В тот день, о котором я хочу рассказать, тетка пришла с особенно многочисленным обществом, говорила особенно много и была особенно бестактна. Я стоял, не поднимая ресниц, но тем не менее глаза мои все время смотрели в одну сторону — и совершенно напрасно. Тетка расхаживала по двору, показывала нас своим спутникам, точно посаженных в клетки обезьян, Флора же держалась вдалеке, на противоположном конце двора, она не смешивалась с толпой и, наконец, ушла, даже не кивнув мне головой. Я очень пристально смотрел на нее, но не мог бы сказать, взглянула ли она на меня хоть раз или нет. Мое сердце переполнилось горечью и отчаянием, я силился изгнать из воображения ненавистный образ молодой девушки, чувствуя, что навеки покончил с ней, я безумно хохотал над собой при мысли о моем невозможном желании понравиться ей. Ночью я не мог сомкнуть глаз, ворочался и мысленно любовался прелестным образом этой девушки, в то же время проклиная ее бессердечие.
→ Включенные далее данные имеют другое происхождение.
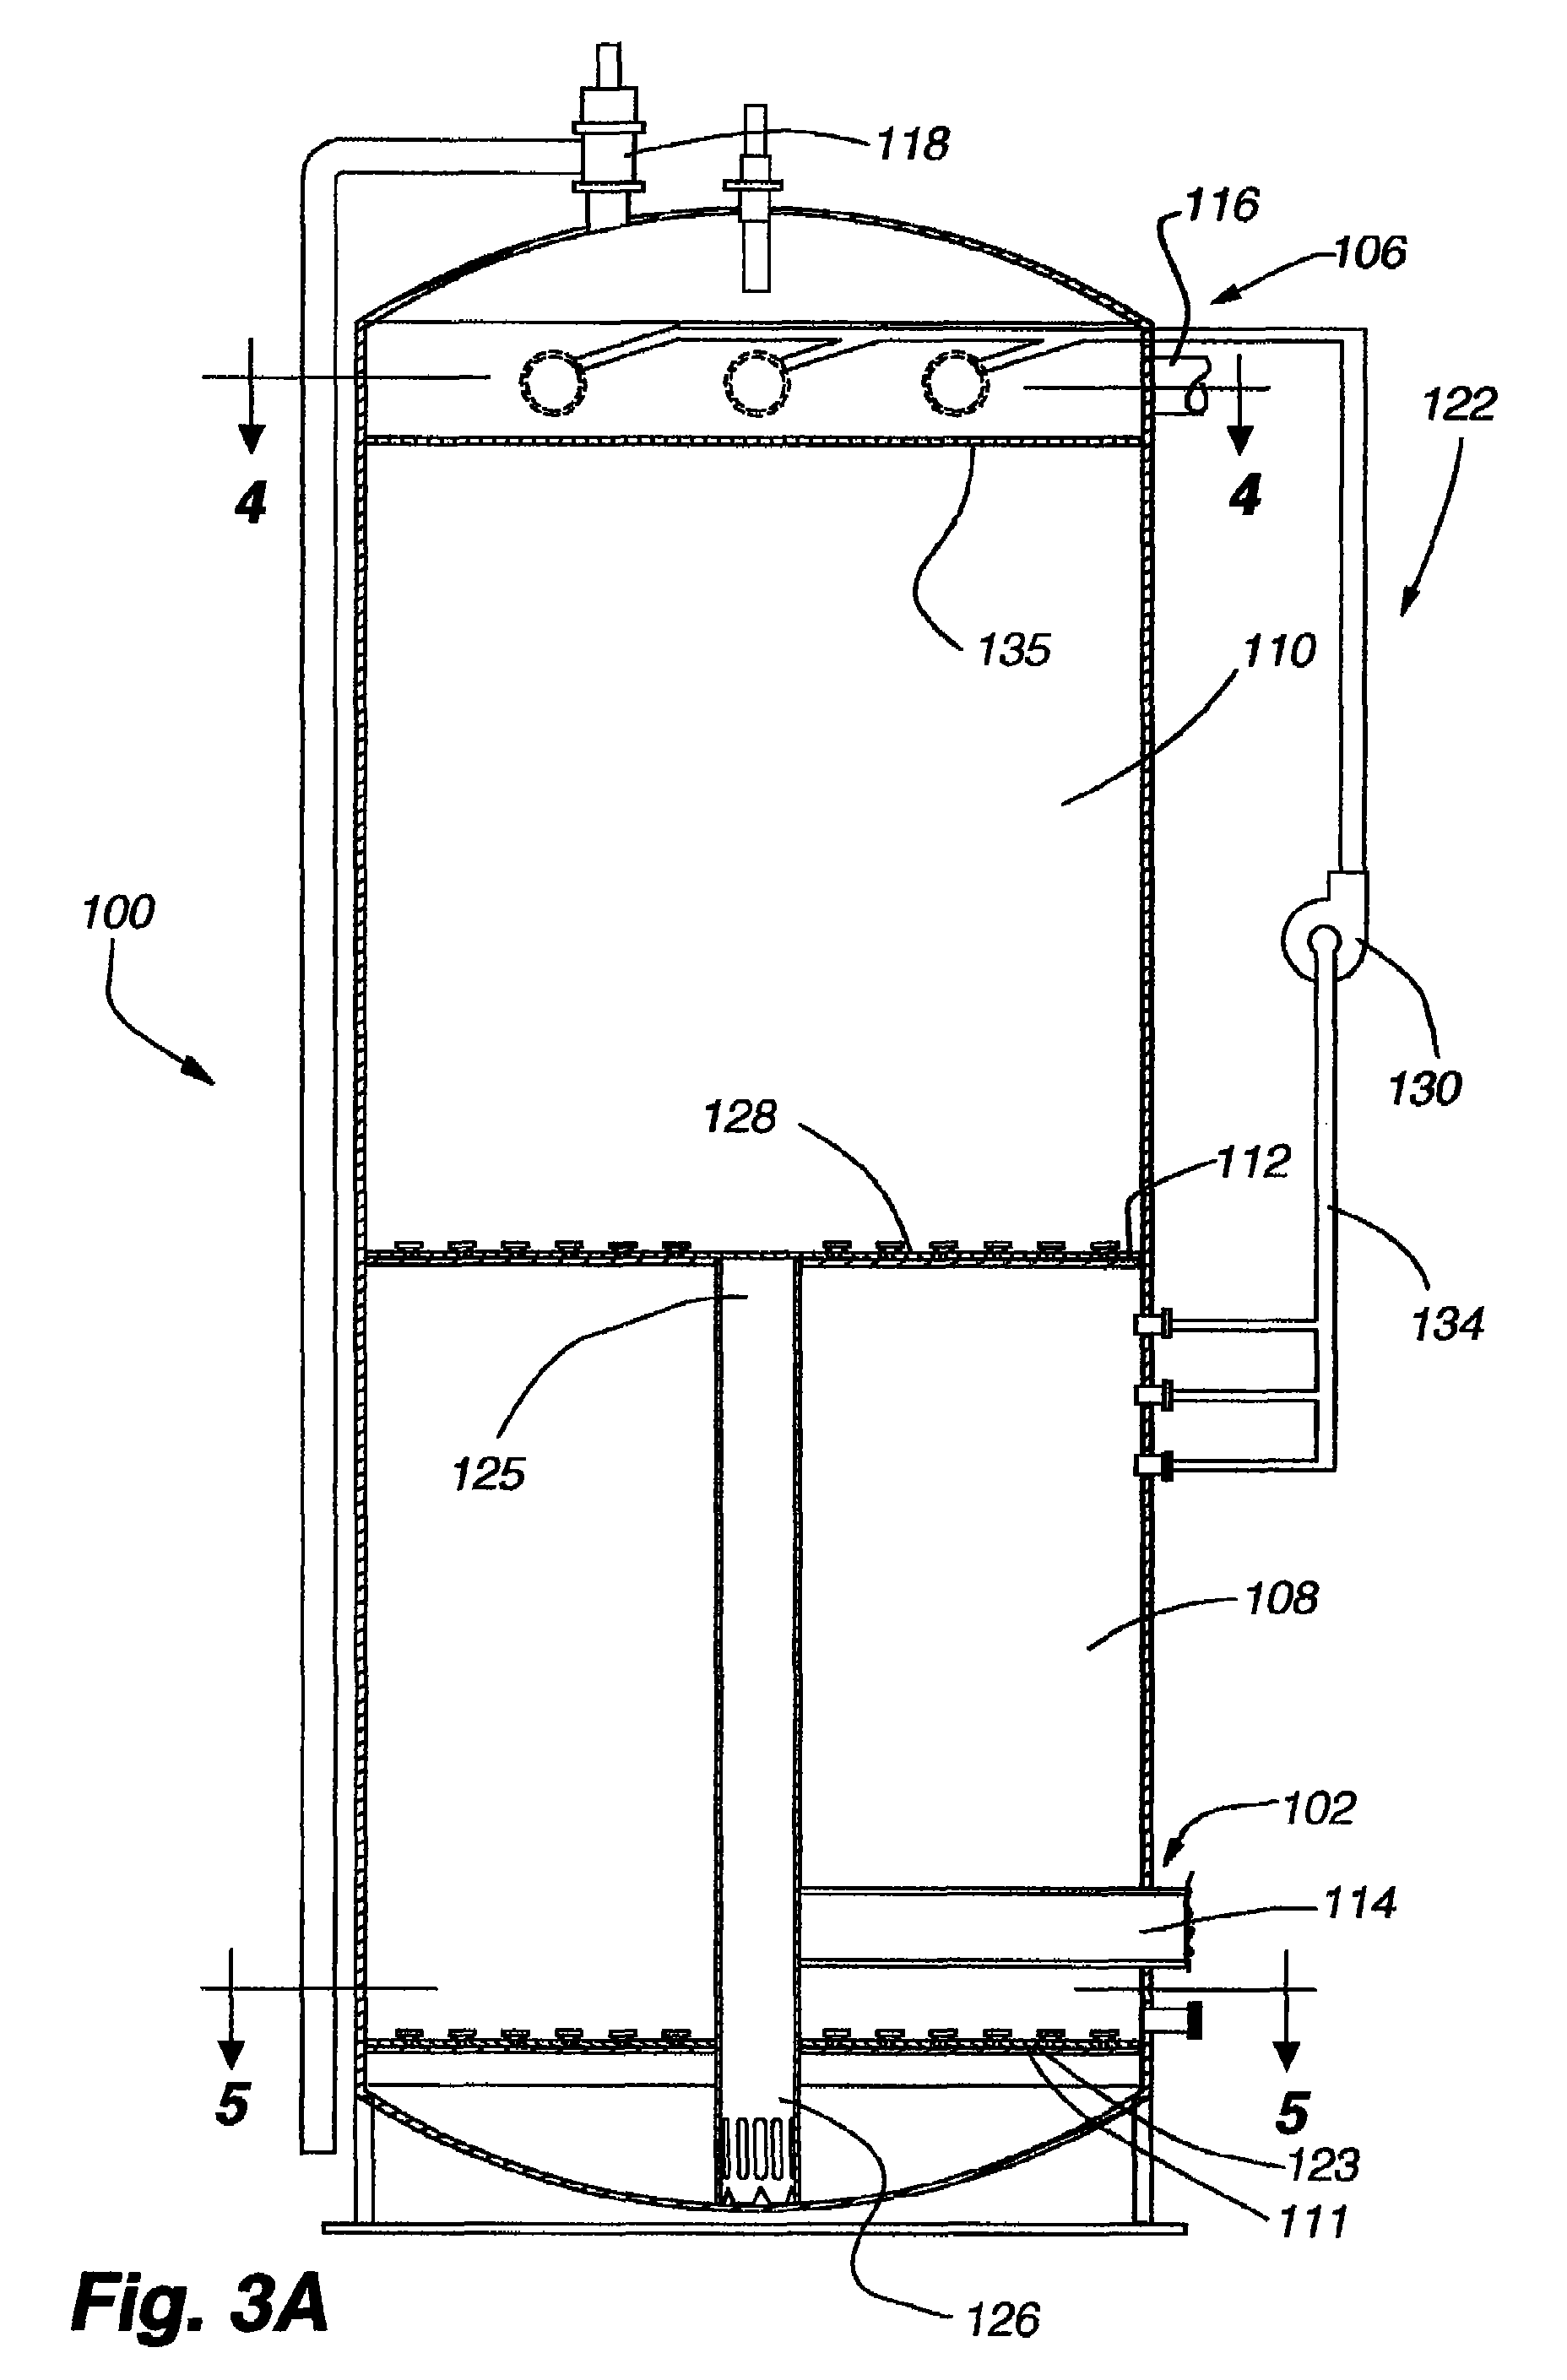 System and apparatus for purging absorptive materials used in the removal of contaminates from an aqueous medium

И она, и все остальные женщины казались мне такими пустыми, низменными. Будь человек ангелом, Аполлоном, но надень он платье горчичного цвета — они не заметят его достоинств. А чем я был для нее? — пленником, рабом, мишенью для насмешек ее соотечественников, чем-то ничтожным и презренным. Я решил воспользоваться данным мне уроком: ни одна из гордых дочерей моих врагов не будет более иметь возможности посмеяться надо мной, и никто не посмеет сказать, что я когда-нибудь любовался этой бездушной Флорой. Вы не можете себе представить, какое независимое решительное настроение переполняло меня, еще ничья грудь не была окована более непроницаемой броней патриотизма. Перед тем, как заснуть, я вспомнил все низости Британии и в подобающих выражениях высказал их Флоре.
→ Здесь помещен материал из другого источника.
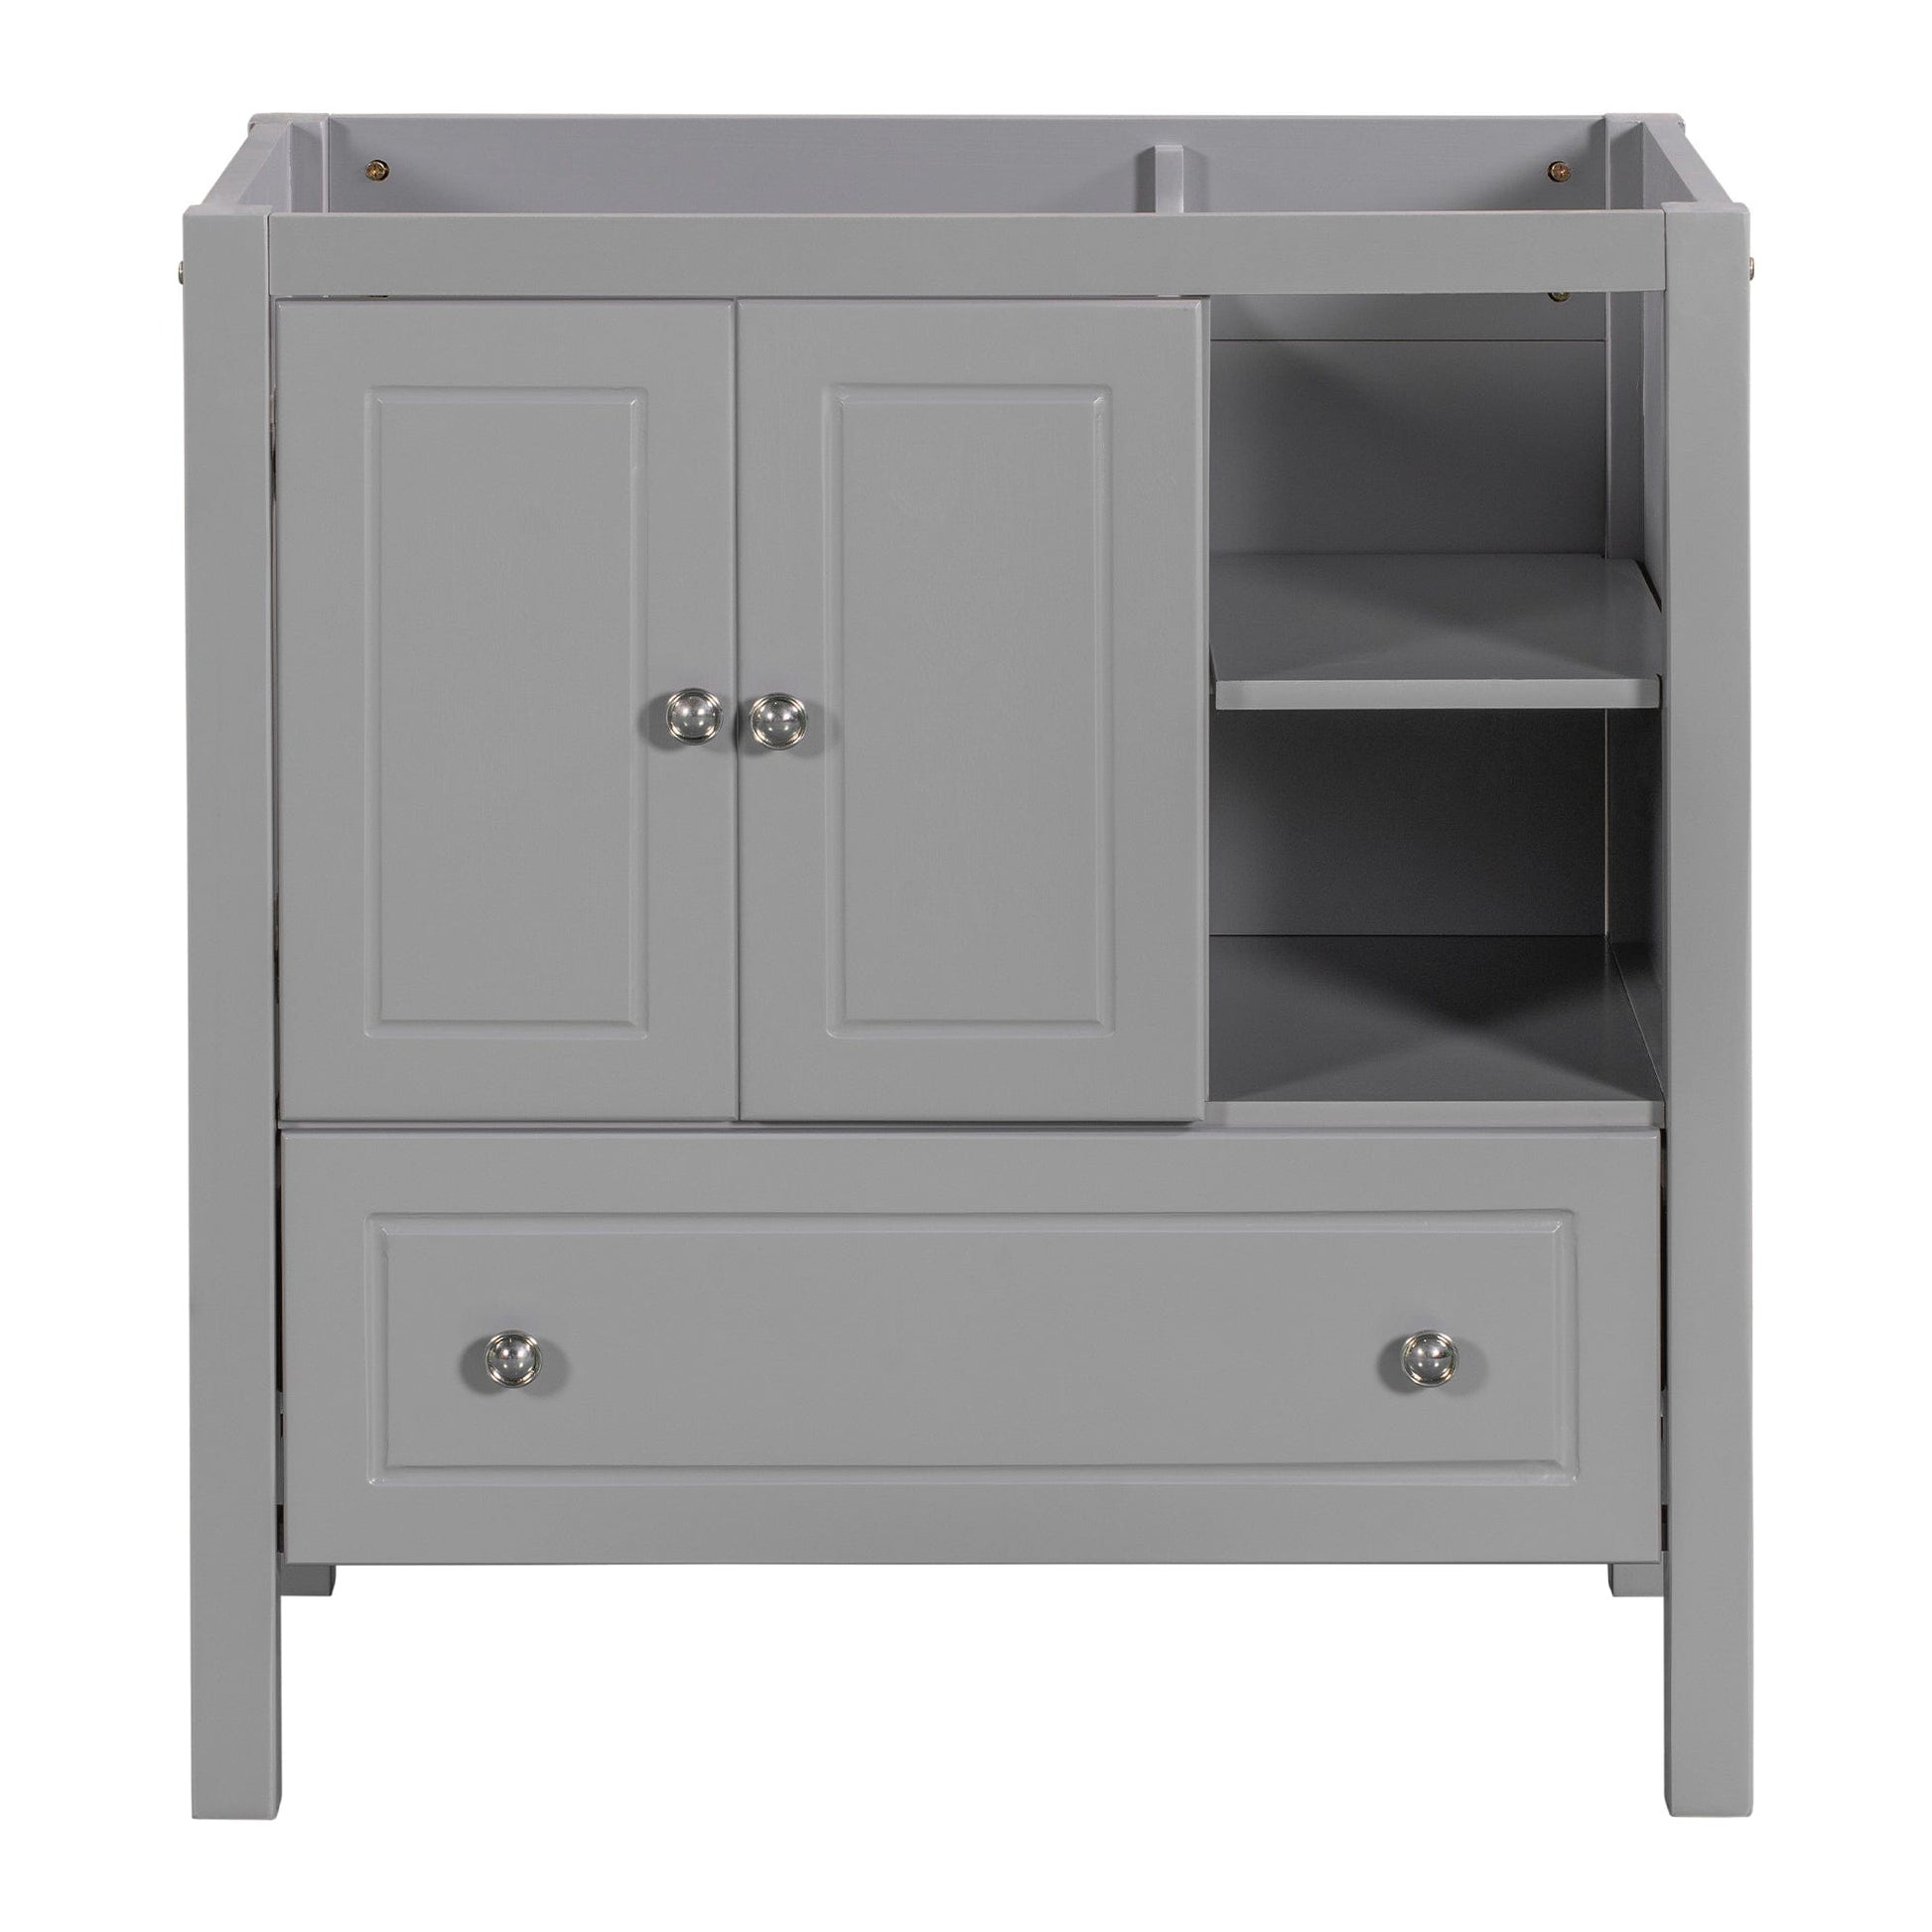 1st Choice Furniture Direct Storage Cabinet 1st Choice Modern Bathroom Cabinet in Grey Finish (Vanity Base Only)

На следующий день я, по обыкновению, сидел на своем месте и вдруг почувствовал, что подле меня кто-то есть. Это была она! В первую секунду я окаменел от неожиданности и смущения, в следующую — принятое мной накануне решение заставило меня не изменить позы. Флора стояла, немного наклонившись надо мной, точно охваченная чувством жалости, она казалась смущенной и некоторое время не произносила ни слова, наконец молодая девушка тихим голосом спросила, очень ли я страдаю в неволе и могу ли жаловаться на суровость обращения тюремщиков.
— Мадемуазель,— ответил я,— солдаты Наполеона не умеют жаловаться.
Она вздохнула.
— Во всяком случае, вы, конечно, тоскуете о Франции,— проговорила Флора и, сказав французское название моей страны, слегка покраснела, произнесла Флора это слово с легким, милым иностранным акцентом.
— Что мне сказать в ответ? — проговорил я.— Если бы вас увезли из этой страны, которая, по-видимому, вполне пригодна для вас, если бы вы были принуждены покинуть Англию с ее дождями и ветрами, которые идут к вам как украшение, жалели бы вы о вашей родине? Как вам кажется? Все мы неминуемо тоскуем! Сын тоскует о матери, человек о родине! Это врожденные, естественные чувства.
— У вас есть мать? — спросила Флора.
— На небесах! — ответил я.— И мать, и отец ушли на небо по той же дороге, как и многие другие прекрасные, честные люди. Они последовали на эшафот за своей королевой. Вы видите, меня следует меньше жалеть, чем других пленников,— продолжал я.— Дома меня никто не ждет, я совершенно одинок на свете. Совсем другое дело вон тот бедняк в войлочной шляпе, он спит рядом со мной, и я слышу, как ночью он рыдает. У него нежная душа, полная хороших, тонких чувств, ночью, в темноте, иногда даже днем, отведя меня в сторонку, он начинает с горем говорить мне о своей матери и милой возлюбленной. И знаете ли вы, что заставило его взять меня в свои поверенные?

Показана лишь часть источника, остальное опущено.